* Work to complete
In the records below, begin at the line that has "Badgley Mischka Off" and stop after the line that has "Ukrainian forces, Russian-backed"; quote those lines verbatim and nothing more.

* Data
=====

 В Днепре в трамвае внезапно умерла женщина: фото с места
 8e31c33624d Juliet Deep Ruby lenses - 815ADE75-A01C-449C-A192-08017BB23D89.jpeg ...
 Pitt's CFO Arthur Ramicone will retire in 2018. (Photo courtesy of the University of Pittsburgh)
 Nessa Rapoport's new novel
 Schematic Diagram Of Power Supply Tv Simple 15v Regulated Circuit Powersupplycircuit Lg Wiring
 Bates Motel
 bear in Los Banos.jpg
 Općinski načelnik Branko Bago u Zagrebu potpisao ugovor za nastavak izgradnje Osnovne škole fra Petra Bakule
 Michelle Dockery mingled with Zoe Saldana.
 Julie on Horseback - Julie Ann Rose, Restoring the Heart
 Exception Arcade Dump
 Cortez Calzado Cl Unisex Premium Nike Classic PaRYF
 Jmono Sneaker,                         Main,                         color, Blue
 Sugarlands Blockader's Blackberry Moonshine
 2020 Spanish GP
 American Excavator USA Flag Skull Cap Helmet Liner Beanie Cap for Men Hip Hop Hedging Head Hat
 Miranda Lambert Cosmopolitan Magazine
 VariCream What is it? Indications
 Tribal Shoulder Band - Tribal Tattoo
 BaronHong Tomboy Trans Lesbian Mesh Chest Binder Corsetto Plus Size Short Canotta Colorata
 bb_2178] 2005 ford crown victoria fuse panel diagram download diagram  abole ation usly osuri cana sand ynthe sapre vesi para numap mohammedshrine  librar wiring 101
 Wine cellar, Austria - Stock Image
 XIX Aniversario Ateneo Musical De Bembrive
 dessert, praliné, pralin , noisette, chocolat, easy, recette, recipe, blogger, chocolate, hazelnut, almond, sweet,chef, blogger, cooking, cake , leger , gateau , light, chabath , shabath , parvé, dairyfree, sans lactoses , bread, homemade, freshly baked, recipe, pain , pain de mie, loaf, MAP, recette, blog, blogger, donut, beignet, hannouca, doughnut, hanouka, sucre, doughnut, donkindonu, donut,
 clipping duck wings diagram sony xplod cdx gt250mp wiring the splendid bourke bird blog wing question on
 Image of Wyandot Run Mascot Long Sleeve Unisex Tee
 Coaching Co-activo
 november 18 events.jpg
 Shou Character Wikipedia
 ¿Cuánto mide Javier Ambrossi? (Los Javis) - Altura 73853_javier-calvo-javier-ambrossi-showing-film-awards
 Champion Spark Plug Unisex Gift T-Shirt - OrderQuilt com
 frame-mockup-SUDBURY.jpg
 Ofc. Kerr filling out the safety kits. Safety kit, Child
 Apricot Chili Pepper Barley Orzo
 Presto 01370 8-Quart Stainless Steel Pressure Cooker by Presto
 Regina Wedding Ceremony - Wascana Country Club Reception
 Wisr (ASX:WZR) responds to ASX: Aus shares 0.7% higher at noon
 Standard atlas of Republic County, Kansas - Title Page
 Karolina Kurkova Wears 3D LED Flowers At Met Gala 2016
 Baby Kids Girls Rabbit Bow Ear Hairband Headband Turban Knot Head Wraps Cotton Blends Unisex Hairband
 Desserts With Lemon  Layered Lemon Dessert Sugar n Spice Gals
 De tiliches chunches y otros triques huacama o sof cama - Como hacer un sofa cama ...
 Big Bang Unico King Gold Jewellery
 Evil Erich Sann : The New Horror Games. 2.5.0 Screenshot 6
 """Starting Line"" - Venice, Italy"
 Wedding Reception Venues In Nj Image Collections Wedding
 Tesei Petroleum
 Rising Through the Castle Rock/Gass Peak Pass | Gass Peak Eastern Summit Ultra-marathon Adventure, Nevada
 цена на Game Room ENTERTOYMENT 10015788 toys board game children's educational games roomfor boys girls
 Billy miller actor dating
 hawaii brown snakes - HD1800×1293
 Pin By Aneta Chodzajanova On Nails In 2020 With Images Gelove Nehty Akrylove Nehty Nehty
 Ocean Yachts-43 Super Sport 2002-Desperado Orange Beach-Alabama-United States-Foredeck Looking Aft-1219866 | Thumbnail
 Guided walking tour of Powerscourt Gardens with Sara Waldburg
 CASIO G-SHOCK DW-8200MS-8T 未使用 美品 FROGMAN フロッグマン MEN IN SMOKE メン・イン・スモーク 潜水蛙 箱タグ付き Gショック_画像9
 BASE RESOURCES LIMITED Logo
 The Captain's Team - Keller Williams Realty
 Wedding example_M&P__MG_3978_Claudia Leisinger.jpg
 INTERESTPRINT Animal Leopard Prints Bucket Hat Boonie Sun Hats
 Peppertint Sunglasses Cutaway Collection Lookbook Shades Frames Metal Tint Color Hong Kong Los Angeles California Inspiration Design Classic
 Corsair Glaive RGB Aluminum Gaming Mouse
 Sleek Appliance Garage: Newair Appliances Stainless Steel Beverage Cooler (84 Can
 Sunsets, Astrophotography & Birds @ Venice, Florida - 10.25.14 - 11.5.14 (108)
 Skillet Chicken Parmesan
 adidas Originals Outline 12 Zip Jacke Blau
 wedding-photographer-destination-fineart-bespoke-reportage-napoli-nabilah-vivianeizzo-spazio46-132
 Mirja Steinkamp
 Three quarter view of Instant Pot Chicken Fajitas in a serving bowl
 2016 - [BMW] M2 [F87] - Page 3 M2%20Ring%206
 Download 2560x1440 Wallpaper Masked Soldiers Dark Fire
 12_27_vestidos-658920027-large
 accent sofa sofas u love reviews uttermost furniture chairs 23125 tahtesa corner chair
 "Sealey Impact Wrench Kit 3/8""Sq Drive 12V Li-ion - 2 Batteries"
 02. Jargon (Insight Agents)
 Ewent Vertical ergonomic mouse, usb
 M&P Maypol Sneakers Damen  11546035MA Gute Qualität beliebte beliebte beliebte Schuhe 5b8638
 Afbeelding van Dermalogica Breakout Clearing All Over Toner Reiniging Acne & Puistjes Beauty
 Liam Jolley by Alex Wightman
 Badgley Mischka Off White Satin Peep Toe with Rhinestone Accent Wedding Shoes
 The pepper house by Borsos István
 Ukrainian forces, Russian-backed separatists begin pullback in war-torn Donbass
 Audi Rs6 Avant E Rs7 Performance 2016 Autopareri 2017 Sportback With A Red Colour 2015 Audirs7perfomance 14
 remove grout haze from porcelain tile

=====

* Reply
 Badgley Mischka Off White Satin Peep Toe with Rhinestone Accent Wedding Shoes
 The pepper house by Borsos István
 Ukrainian forces, Russian-backed separatists begin pullback in war-torn Donbass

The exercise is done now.